-- Task to carry out --
Using the data that follows, give again word for word the lines between the one holding "Licitaciones privadas" and the one holding "MASK M.A.S.K. Bulldog", inclusive. Omit the pictures.

-- Dataset records --
- Opening Delimiter -

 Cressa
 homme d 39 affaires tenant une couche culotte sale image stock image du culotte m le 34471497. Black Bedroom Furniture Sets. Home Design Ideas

- Closing Delimiter -
- Opening Delimiter -

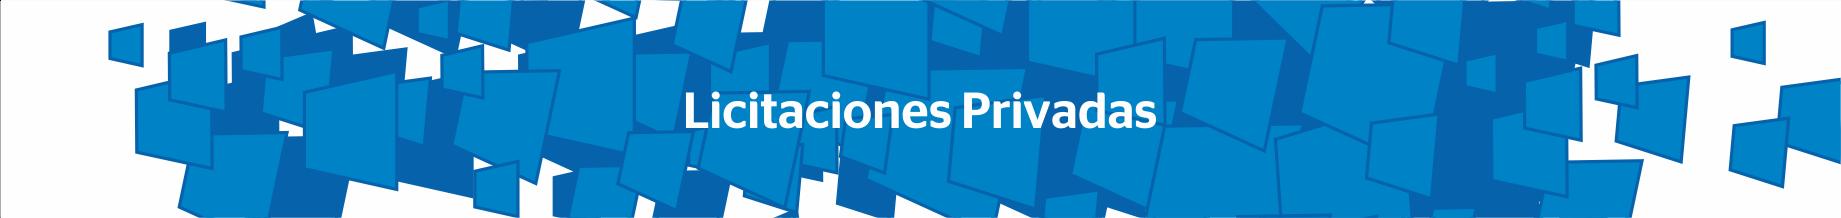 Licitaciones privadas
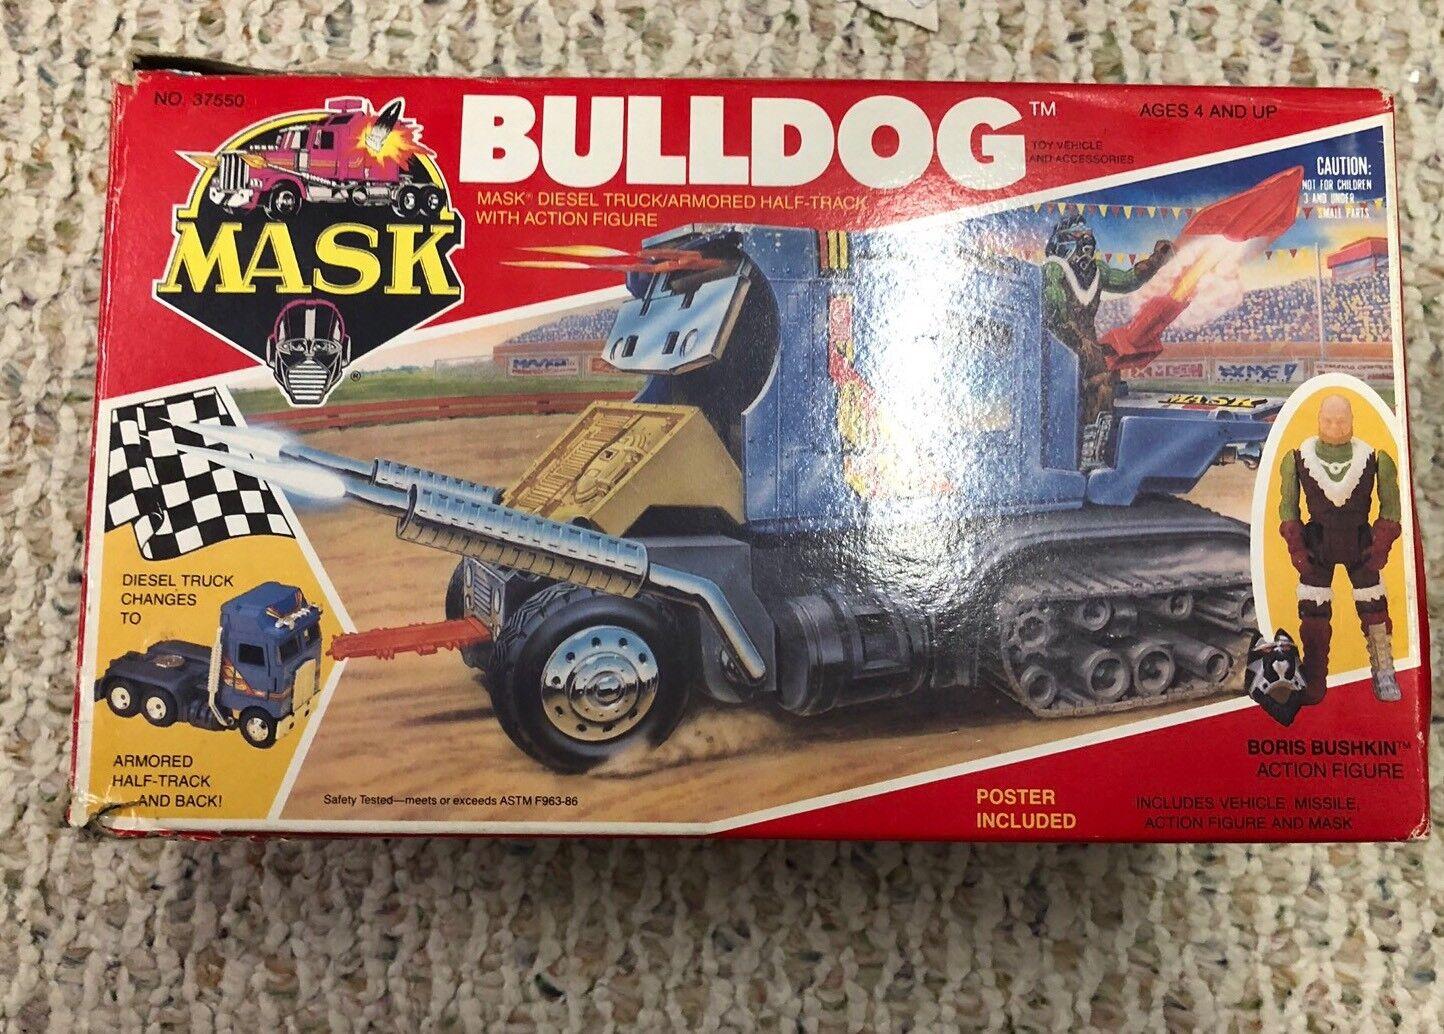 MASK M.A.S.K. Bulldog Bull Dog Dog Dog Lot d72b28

- Closing Delimiter -
- Opening Delimiter -

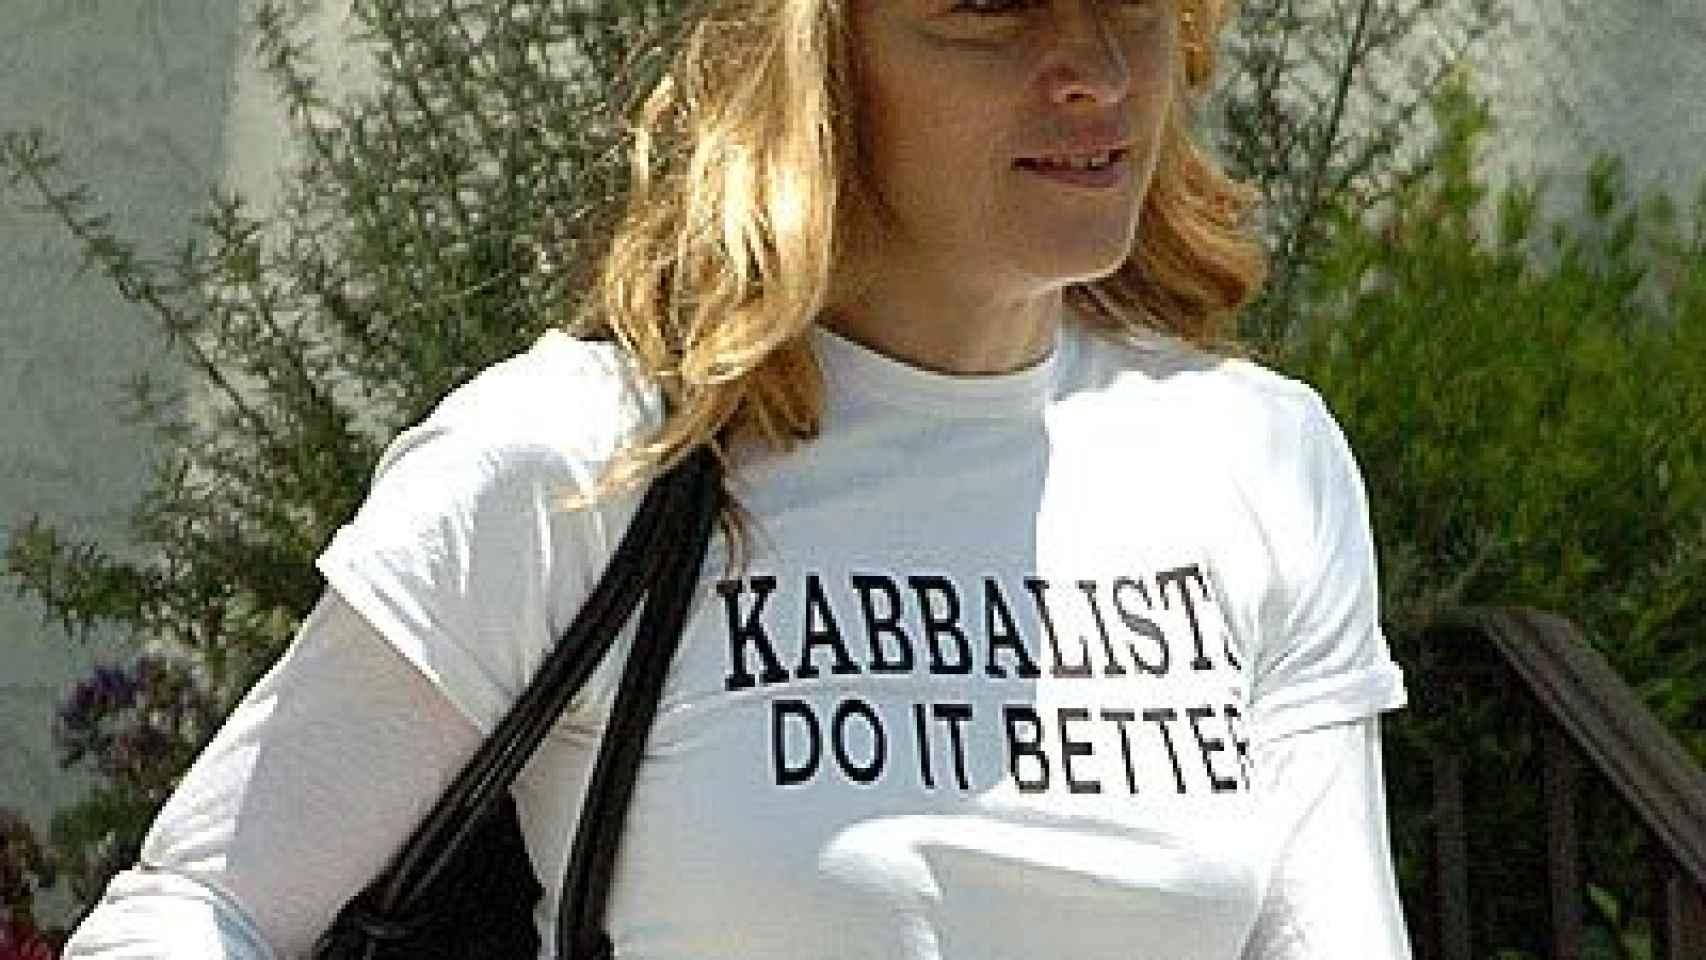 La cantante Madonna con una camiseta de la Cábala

- Closing Delimiter -

-- Result below --
 Licitaciones privadas
 MASK M.A.S.K. Bulldog Bull Dog Dog Dog Lot d72b28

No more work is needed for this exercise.